I am using Saxon to extract data from thousands of HTML pages→ converted to XML documents.
However for some(very few ) of the XML documents, I am getting the following error when I run my XQuery command-- the same command is working perfectly for 99.9% of the documents
What am I doing wrong here? How do I resolve the (below) error?
 
The error is--
 
 
Caused by: net.sf.saxon.trans.DynamicError: org.xml.sax.SAXParseException; lineN
umber: 51; columnNumber: 2; The content of elements must consist of well-formed
character data or markup.
        at net.sf.saxon.event.Sender.sendSAXSource(Sender.java:278)
        at net.sf.saxon.event.Sender.send(Sender.java:144)
        at net.sf.saxon.event.Sender.send(Sender.java:46)
        at net.sf.saxon.event.Builder.build(Builder.java:209)
        at net.sf.saxon.event.Builder.build(Builder.java:161)
        at net.sf.saxon.query.StaticQueryContext.buildDocument(StaticQueryContex
t.java:435)
        at com.anya.crawler.runtime.processors.XQueryProcessor.castSimpleValue(X
QueryProcessor.java:171)
        at com.anya.crawler.runtime.processors.XQueryProcessor.execute(XQueryPro
cessor.java:147)
        ... 15 more
Caused by: org.xml.sax.SAXParseException; lineNumber: 51; columnNumber: 2; The c
ontent of elements must consist of well-formed character data or markup.
        at org.apache.xerces.util.ErrorHandlerWrapper.createSAXParseException(Un
known Source)
        at org.apache.xerces.util.ErrorHandlerWrapper.fatalError(Unknown Source)
 
        at org.apache.xerces.impl.XMLErrorReporter.reportError(Unknown Source)
        at org.apache.xerces.impl.XMLErrorReporter.reportError(Unknown Source)

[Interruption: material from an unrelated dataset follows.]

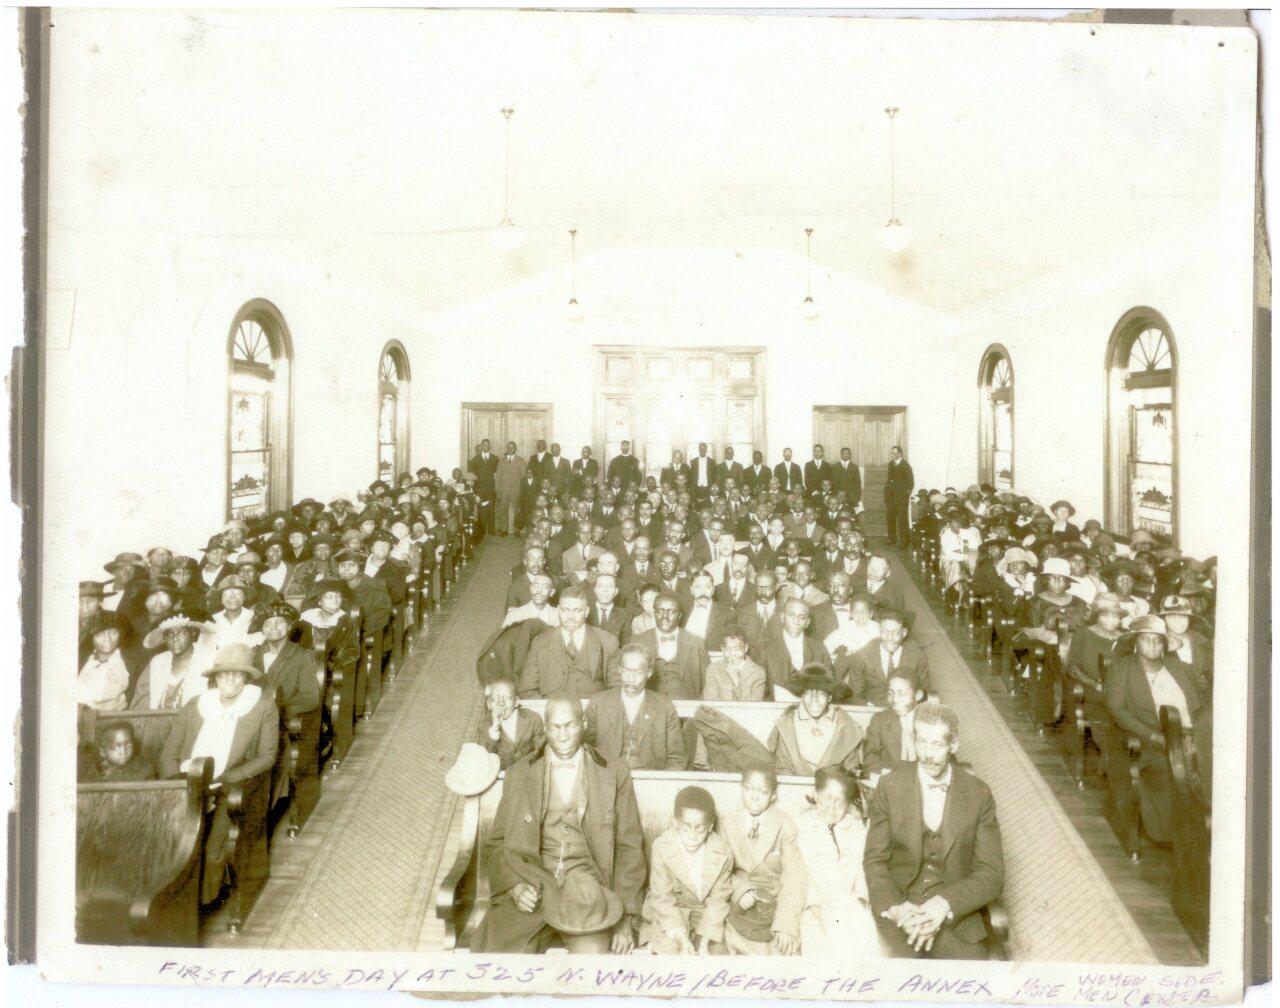 Mt. Zion Baptist Church_Woodlawn_First Mens day MZBC.jpg

        at org.apache.xerces.impl.XMLScanner.reportFatalError(Unknown Source)
        at org.apache.xerces.impl.XMLDocumentFragmentScannerImpl$FragmentContent
Dispatcher.dispatch(Unknown Source)
        at org.apache.xerces.impl.XMLDocumentFragmentScannerImpl.scanDocument(Un
known Source)
        at org.apache.xerces.parsers.XML11Configuration.parse(Unknown Source)
        at org.apache.xerces.parsers.XML11Configuration.parse(Unknown Source)
        at org.apache.xerces.parsers.XMLParser.parse(Unknown Source)
        at org.apache.xerces.parsers.AbstractSAXParser.parse(Unknown Source)
        at org.apache.xerces.jaxp.SAXParserImpl$JAXPSAXParser.parse(Unknown Sour
ce)
        at net.sf.saxon.event.Sender.sendSAXSource(Sender.java:270)
        ... 22 more
 
 
 
 
Yours sincerely,
Arvind.